Oficer podszedł do następnego kopczyka, potem do kolejnego. Ani razu nie okazał zniecierpliwienia, choć ciecz, gęstniejąca na mrozie z każdą sekundą, zachowywała się coraz bardziej opornie. Gdy kolejna kropla nie chciała opaść, Niemiec ujmował flakon w dłonie, pocierał delikatnie, niemal czule jego ścianki, chuchał na matowe szkło i ponawiał próbę. Czasami powtarzał ten rytuał kilkakrotnie nim zdołał odmierzyć właściwą ilość płynu, ale ani na moment nie zwątpił w celowość swoich działań.

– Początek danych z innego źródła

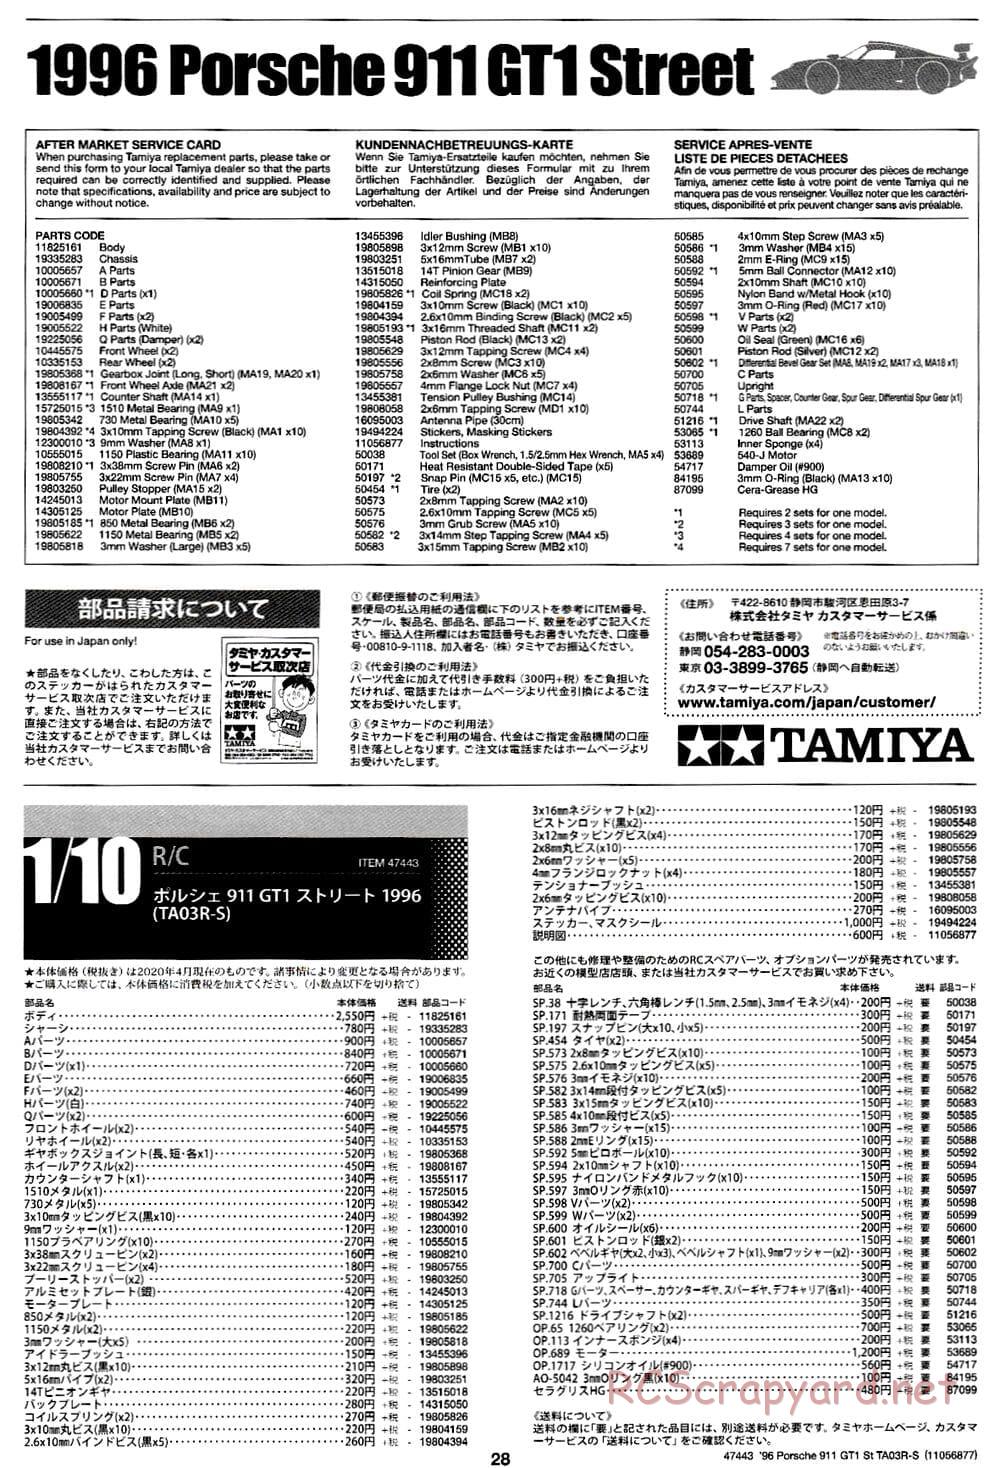 Tamiya - Porsche 911 GT1 Street - TA-03RS Chassis - Manual - Page 28
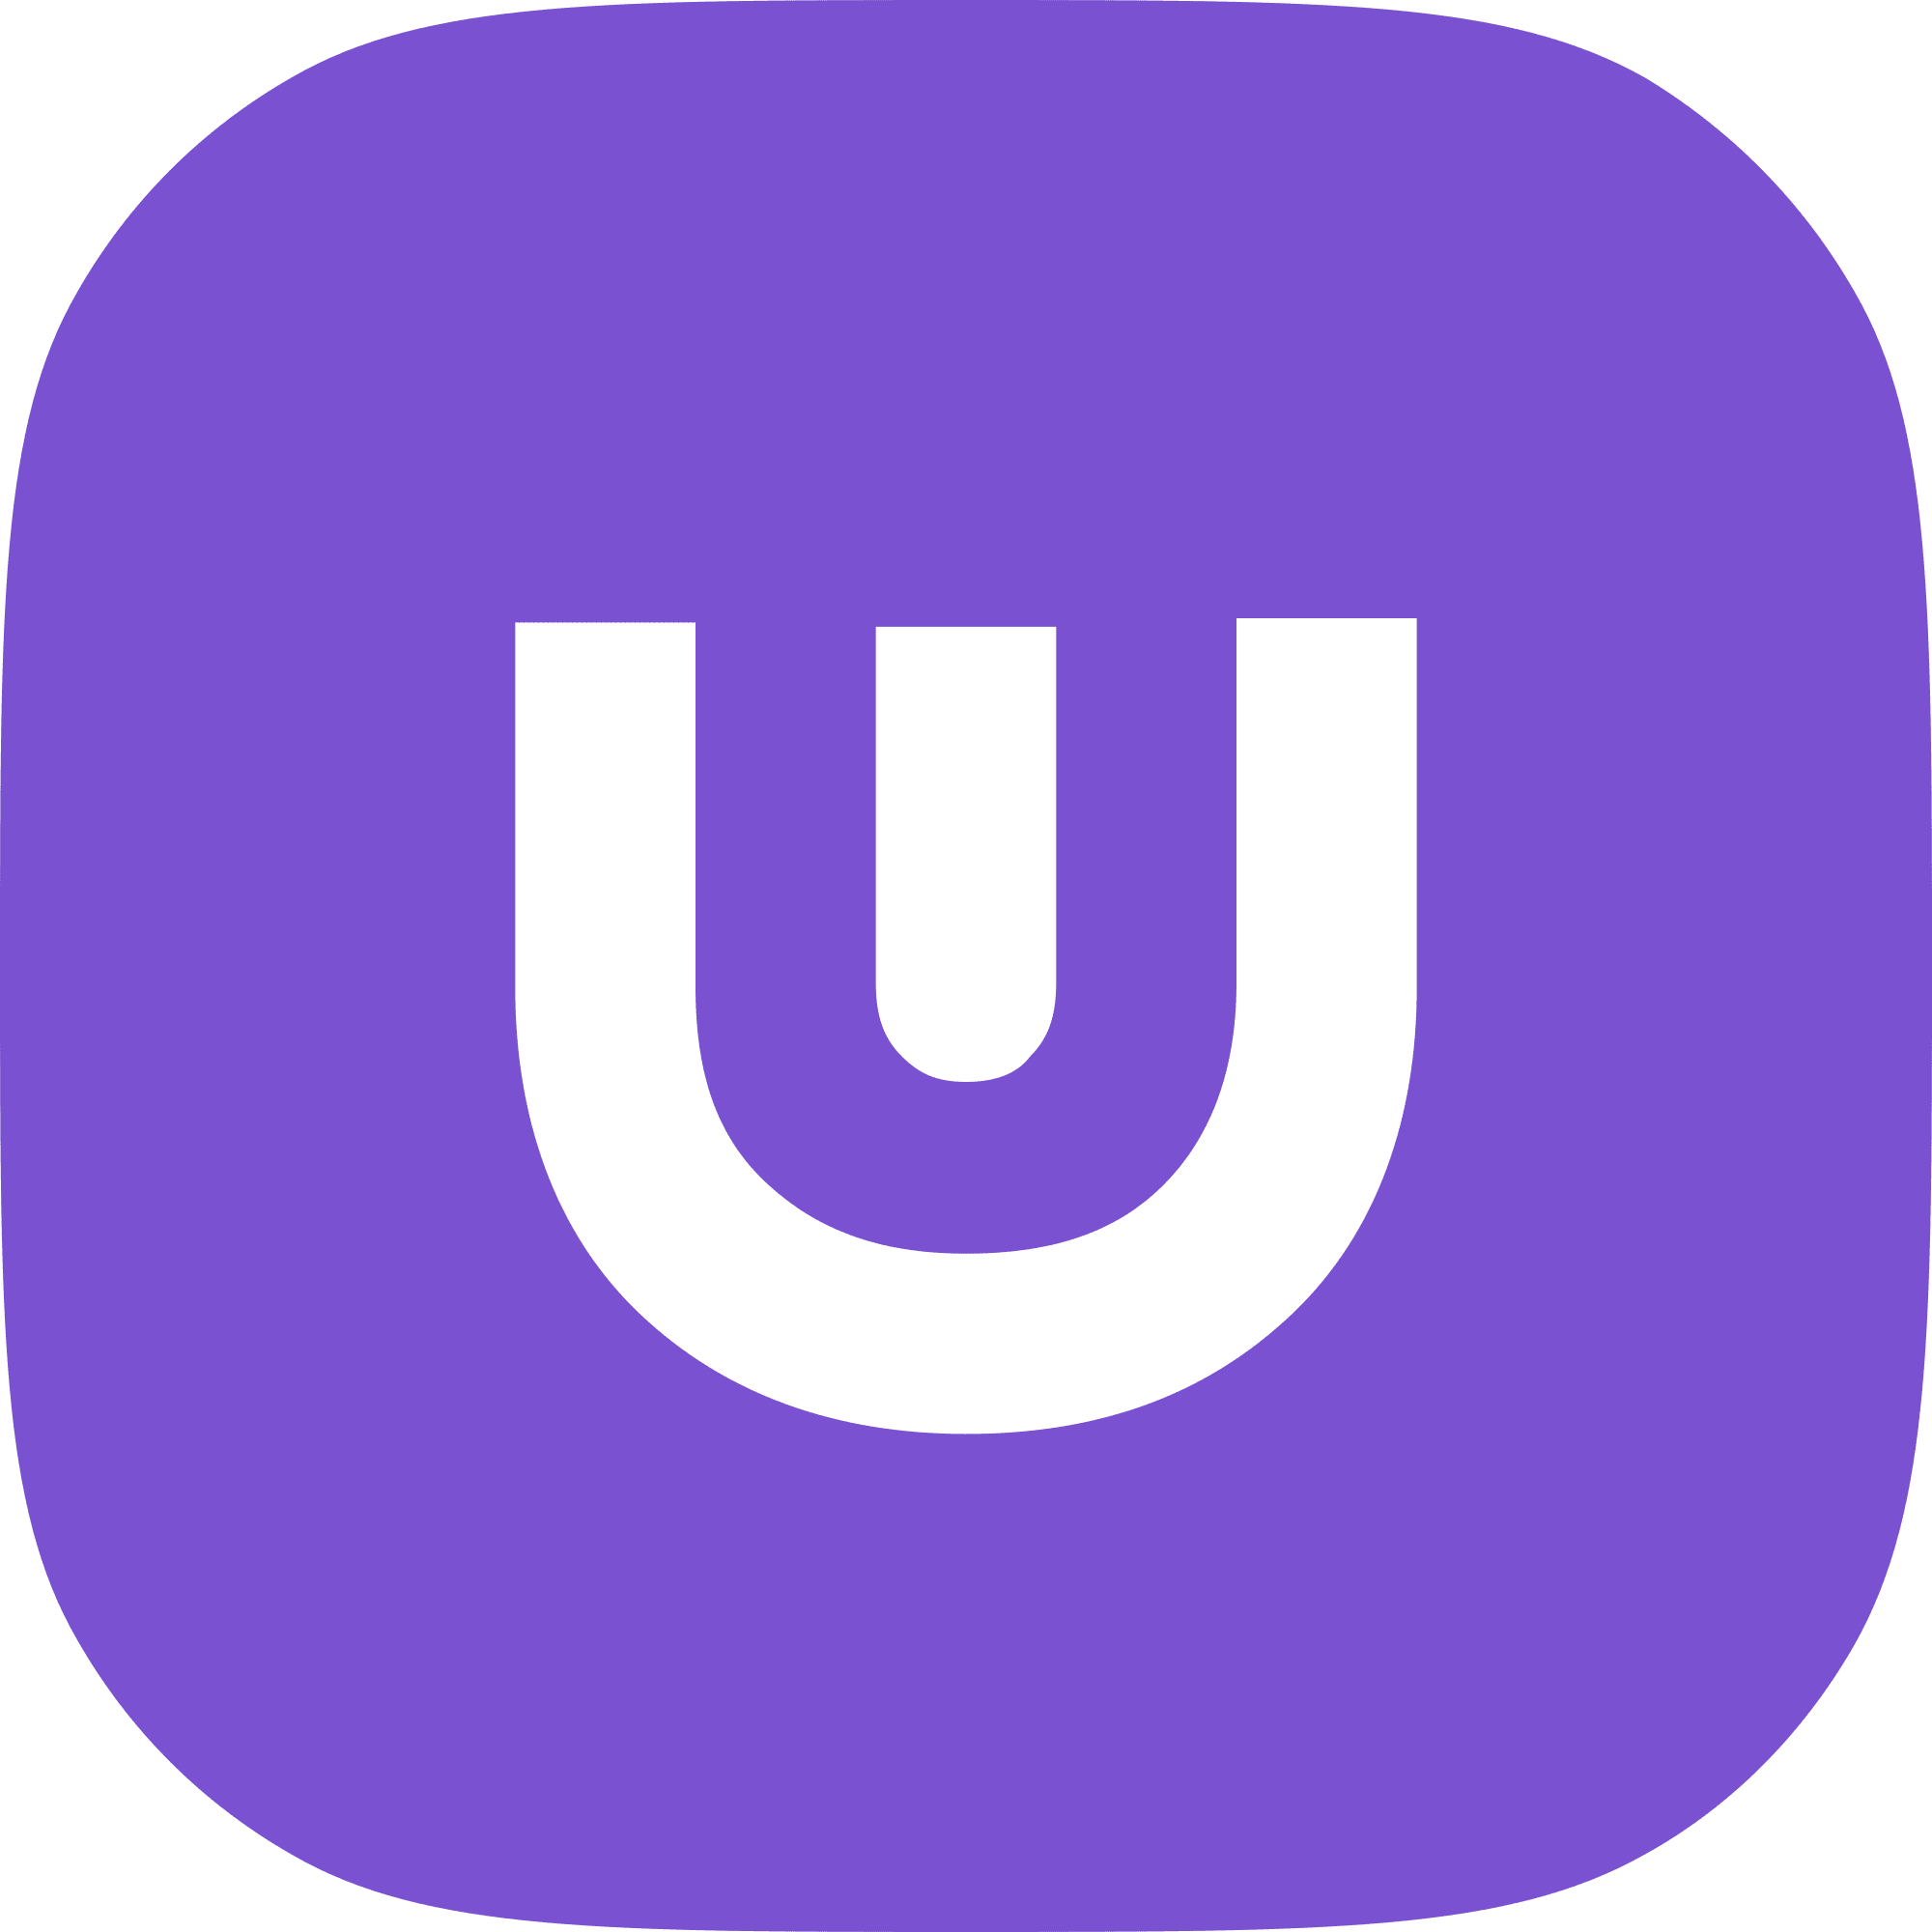 Ultra logo in png format

Ani razu nie pomylił się też w liczeniu.
– Siedem razy po siedem łez. Niech siódmy płomień domknie krąg – wyszeptał wreszcie, a potem uniósł głos: – Bogowie, przyjmijcie mój dar!
Ledwie przebrzmiało ostatnie z wykrzyczanych słów, ziemia przytłoczona mocą kapłańskiego zaklęcia zadrżała, a wszystkie siedem kopców zapłonęło niebieskimi płomieniami, które szybko przygasły, pozostawiając na śniegu tlący się żar. Polana tonęła powoli w szarym, duszącym dymie.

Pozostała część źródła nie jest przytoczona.